Judge rules emails can be intro'd as evidence

Dish Network is getting creamed in its court battle with Cablevision, emails presented Monday weakened the satcaster’s case in the breach of contract trial. That setback came the day that AMC logged record basic cable numbers for the preem of “The Walking Dead,” even though the channel, formerly owned by Cablevision, has been dark on Dish Network for nearly four months.

Dish’s colorful Chairman Charlie Ergen, who said this summer that Dish subscribers “live on farms and ranches and have no idea of watching zombies,” is likely to testify Tuesday afternoon.

Dish pulled AMC from its satellite system in June when their carriage deal expired and industryites have figured a new agreement is linked to the trial. AMC is a former subsid of Cablevision, which sued Dish for dropping an HD service called Voom two years into a 15-year pact.

Dish claimed it had the right because Voom didn’t spend a promised $100 million on programming in 2006. But an email exchange between Ergen and Dish exec Michael Schwimmer in April 2007 indicated that contractually some of the cash could be also spent on overhead, as Voom insisted.

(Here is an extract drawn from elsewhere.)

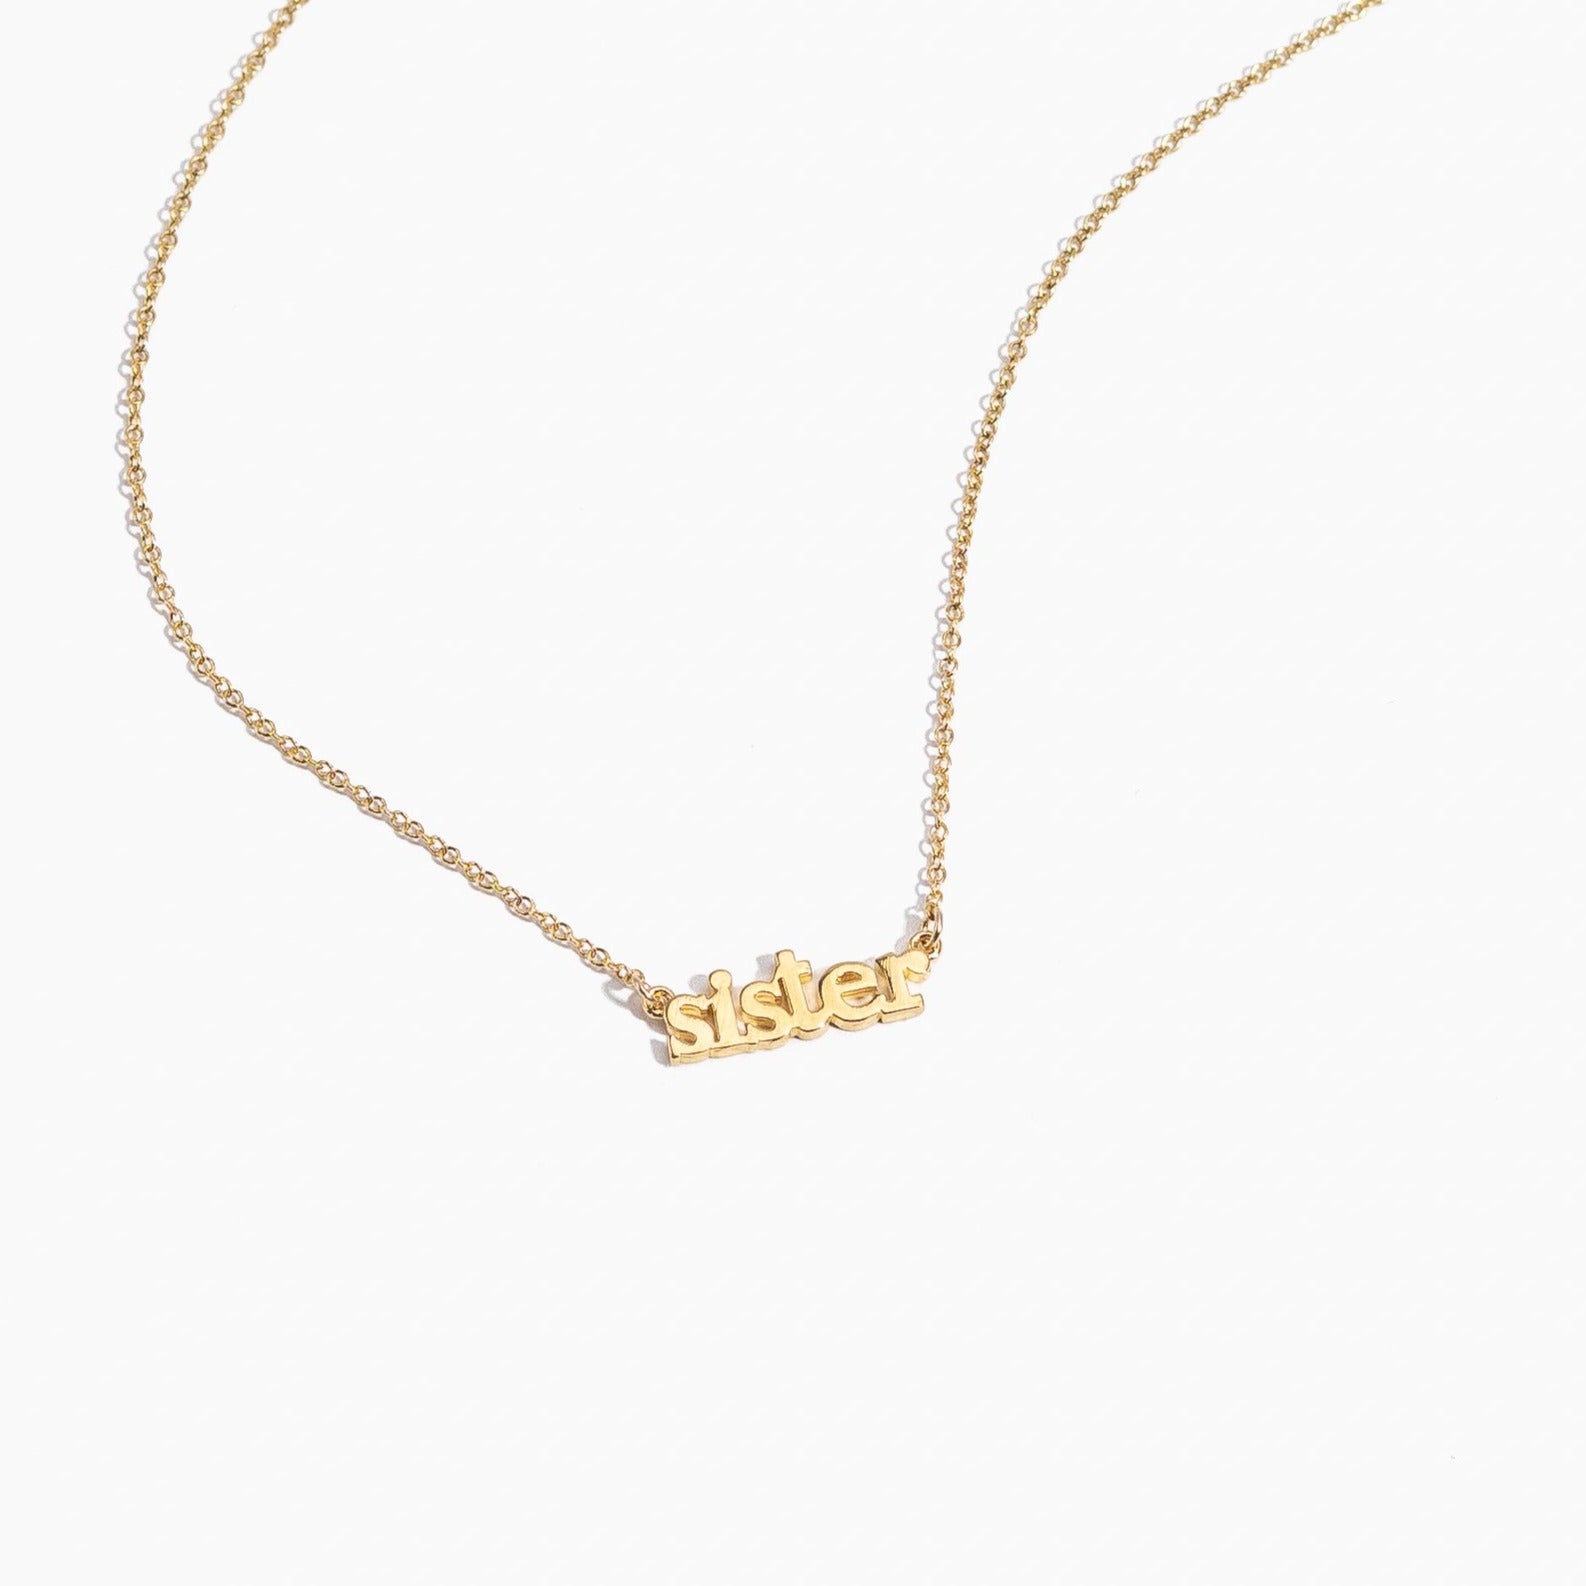 Gold Sister Necklace by Katie Dean Jewelry, made in America, perfect for the dainty minimal jewelry lovers

Dish had appealed to keep those emails out of court but lost and was soundly berated by the Judge Richard Lowe of New York State Supreme Court last week for holding up the trial.

“The evidence is mounting against Dish and it continues to be on the wrong side of each significant trial ruling,” wrote Thomas Clapps of Susquehanna Financial Group. Dish has started to present its case after Voom lawyers rested on Friday. But given the headwinds so far a settlement seems ever more likely, either before the trial ends late this month or after the jury verdict. Dish is keeping the pressure high with “Not available on Dish” plastered on “Walking Dead” trailers online and on air.

Cablevision has asked for $2.4 billion in damages which it would split with AMC Networks, parent of AMC, IFC, WeTV and Sundance Channel. AMC used to run Voom. Dish could probably lower the cash payout if it offers a new carriage deal for AMC.

“It appears that Dish is playing this out for the maximum leverage against AMC as the longer the trial and potential appeal lasts the longer AMC loses revenue by not being carried on Dish,” Clapps said.

Neither the courtroom nor the zombie drama fazed Dish shares, which surged 3.41% Monday. The market’s hoping the company may soon get FCC authorization and strike a series of deals to use extra spectrum it owns to launch a wireless service.